Johann Ludwig Bleuler, sometimes called Louis (12 February 1792 – 28 March 1850) was a Swiss painter, landscape artist, and publisher.

==Biography==
Bleuler was born in Feuerthalen. His father, Johann Heinrich, was a landscape painter and member of the Schweizer Kleinmeister (lesser masters). His older brother, Johann Heinrich, the Younger (1787–1857) also became a painter. He began his artistic training in his father's workshop, where he learned painting and draftsmanship.

From 1817 to 1818, he travelled throughout the Rhine region, making landscape sketches and studies. The following year, he participated in an exhibition at the Künstlergesellschaft (an artists' association) in Zürich. That same year, he made a combination study and business trip to Brussels and Amsterdam. During a subsequent stay in Paris, he met his future wife, Antoinette Trillié. Back in Feuerthalen, he and his older brother took over management of their father's business.

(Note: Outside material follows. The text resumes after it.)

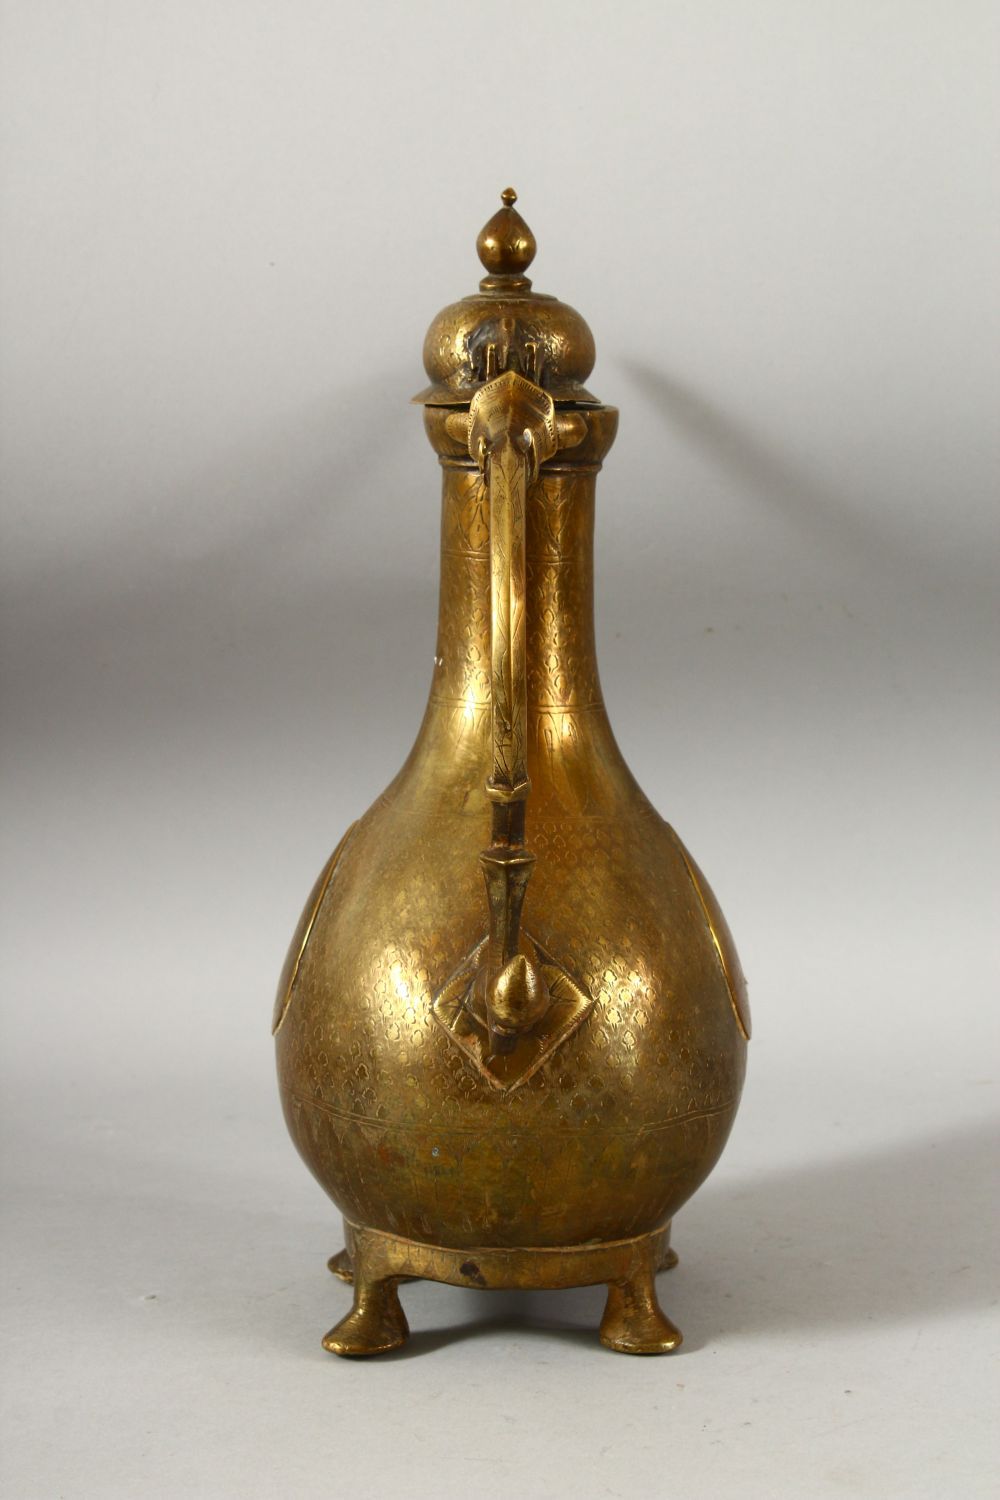 A LARGE 18TH CENTURY MUGHAL INDIAN BRASS EWER, with engraved / chased decoration, 32cm high. - Image 4 of 7

In 1824, he started his own publishing company in Schaffhausen. Beginning in 1827, he worked on a sequence of prints featuring landscapes and vedute along the Rhein; a project that would occupy him until his death. His major work, Voyage pittoresque aux bords du Rhin et de la Suisse was published in 1845. The aquatints were all colored by hand, using gouache techniques that gave them the appearance of Old Masters.

In 1833, he had moved his home and fast growing business to Schloss Laufen near the Rheinfall. Many well known, or soon to be well known, artists were employed by his shop, including Egidius Federle, Konrad Corradi and Emanuel Labhardt.

In 1838, he made a business trip to St. Petersburg. While there, he contracted a serious illness that left him in poor health. In the following years, his company was nearly ruined, through a combination of new printing techniques and the Revolutions of 1848. He died on 28 March 1850 in Laufen-Uhwiesen.

== Sources ==
- Bleuler, Joh. Ludwig. In: Ulrich Thieme, Felix Becker (Eds.): Allgemeines Lexikon der Bildenden Künstler von der Antike bis zur Gegenwart. Vol.4: Bida–Brevoort. Wilhelm Engelmann, Leipzig 1910, pg.115 *
- Johann Ludwig Bleuler: Der Rhein von den Quellen bis zur Mündung. Alexandra Press, Basel 1996, ISBN 3-9521134-0-9.
- Barbara Kemmer: Kunstsinn und Geschäftskalkül. Der Rheinfall in den Landschaftsveduten der Bleuler Malschule. In: Claudia Heitmann (Hrsg.): Der Rheinfall. Erhabene Natur und touristische Vermarktung. Ausst.-Kat. Mittelrhein-Museum Koblenz, Regensburg 2015, S. 55–62.